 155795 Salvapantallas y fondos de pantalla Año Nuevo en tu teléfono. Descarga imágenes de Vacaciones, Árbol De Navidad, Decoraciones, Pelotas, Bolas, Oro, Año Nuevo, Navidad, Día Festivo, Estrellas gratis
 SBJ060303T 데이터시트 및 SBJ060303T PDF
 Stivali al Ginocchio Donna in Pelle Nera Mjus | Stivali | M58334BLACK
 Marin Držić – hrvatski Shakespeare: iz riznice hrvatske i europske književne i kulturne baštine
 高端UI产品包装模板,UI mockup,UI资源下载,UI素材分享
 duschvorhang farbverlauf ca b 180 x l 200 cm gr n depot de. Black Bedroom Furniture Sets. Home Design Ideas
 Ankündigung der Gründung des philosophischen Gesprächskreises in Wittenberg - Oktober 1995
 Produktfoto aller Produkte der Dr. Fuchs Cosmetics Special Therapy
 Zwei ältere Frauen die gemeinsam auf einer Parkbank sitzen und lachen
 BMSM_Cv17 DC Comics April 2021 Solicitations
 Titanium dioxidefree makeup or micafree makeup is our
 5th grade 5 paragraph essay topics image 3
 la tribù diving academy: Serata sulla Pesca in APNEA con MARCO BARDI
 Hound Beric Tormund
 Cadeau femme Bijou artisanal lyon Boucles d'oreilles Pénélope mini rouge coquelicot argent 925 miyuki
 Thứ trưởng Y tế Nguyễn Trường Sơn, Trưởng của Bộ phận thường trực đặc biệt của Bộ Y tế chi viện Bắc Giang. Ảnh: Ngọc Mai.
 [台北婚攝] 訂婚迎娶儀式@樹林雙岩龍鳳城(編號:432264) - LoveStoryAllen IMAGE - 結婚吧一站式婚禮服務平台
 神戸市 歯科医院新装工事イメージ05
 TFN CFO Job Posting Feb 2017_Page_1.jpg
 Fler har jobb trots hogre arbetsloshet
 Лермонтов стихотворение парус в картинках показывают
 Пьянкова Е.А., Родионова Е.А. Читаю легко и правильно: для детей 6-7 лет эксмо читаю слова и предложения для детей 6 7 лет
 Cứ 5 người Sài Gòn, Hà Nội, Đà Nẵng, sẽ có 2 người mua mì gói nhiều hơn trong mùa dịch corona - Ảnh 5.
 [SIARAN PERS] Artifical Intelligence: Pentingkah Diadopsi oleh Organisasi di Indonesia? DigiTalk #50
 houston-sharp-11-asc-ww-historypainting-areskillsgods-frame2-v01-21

=====

• Problem description
Generate a verbatim printout of all the entries.

• Finished task
 155795 Salvapantallas y fondos de pantalla Año Nuevo en tu teléfono. Descarga imágenes de Vacaciones, Árbol De Navidad, Decoraciones, Pelotas, Bolas, Oro, Año Nuevo, Navidad, Día Festivo, Estrellas gratis
 SBJ060303T 데이터시트 및 SBJ060303T PDF
 Stivali al Ginocchio Donna in Pelle Nera Mjus | Stivali | M58334BLACK
 Marin Držić – hrvatski Shakespeare: iz riznice hrvatske i europske književne i kulturne baštine
 高端UI产品包装模板,UI mockup,UI资源下载,UI素材分享
 duschvorhang farbverlauf ca b 180 x l 200 cm gr n depot de. Black Bedroom Furniture Sets. Home Design Ideas
 Ankündigung der Gründung des philosophischen Gesprächskreises in Wittenberg - Oktober 1995
 Produktfoto aller Produkte der Dr. Fuchs Cosmetics Special Therapy
 Zwei ältere Frauen die gemeinsam auf einer Parkbank sitzen und lachen
 BMSM_Cv17 DC Comics April 2021 Solicitations
 Titanium dioxidefree makeup or micafree makeup is our
 5th grade 5 paragraph essay topics image 3
 la tribù diving academy: Serata sulla Pesca in APNEA con MARCO BARDI
 Hound Beric Tormund
 Cadeau femme Bijou artisanal lyon Boucles d'oreilles Pénélope mini rouge coquelicot argent 925 miyuki
 Thứ trưởng Y tế Nguyễn Trường Sơn, Trưởng của Bộ phận thường trực đặc biệt của Bộ Y tế chi viện Bắc Giang. Ảnh: Ngọc Mai.
 [台北婚攝] 訂婚迎娶儀式@樹林雙岩龍鳳城(編號:432264) - LoveStoryAllen IMAGE - 結婚吧一站式婚禮服務平台
 神戸市 歯科医院新装工事イメージ05
 TFN CFO Job Posting Feb 2017_Page_1.jpg
 Fler har jobb trots hogre arbetsloshet
 Лермонтов стихотворение парус в картинках показывают
 Пьянкова Е.А., Родионова Е.А. Читаю легко и правильно: для детей 6-7 лет эксмо читаю слова и предложения для детей 6 7 лет
 Cứ 5 người Sài Gòn, Hà Nội, Đà Nẵng, sẽ có 2 người mua mì gói nhiều hơn trong mùa dịch corona - Ảnh 5.
 [SIARAN PERS] Artifical Intelligence: Pentingkah Diadopsi oleh Organisasi di Indonesia? DigiTalk #50
 houston-sharp-11-asc-ww-historypainting-areskillsgods-frame2-v01-21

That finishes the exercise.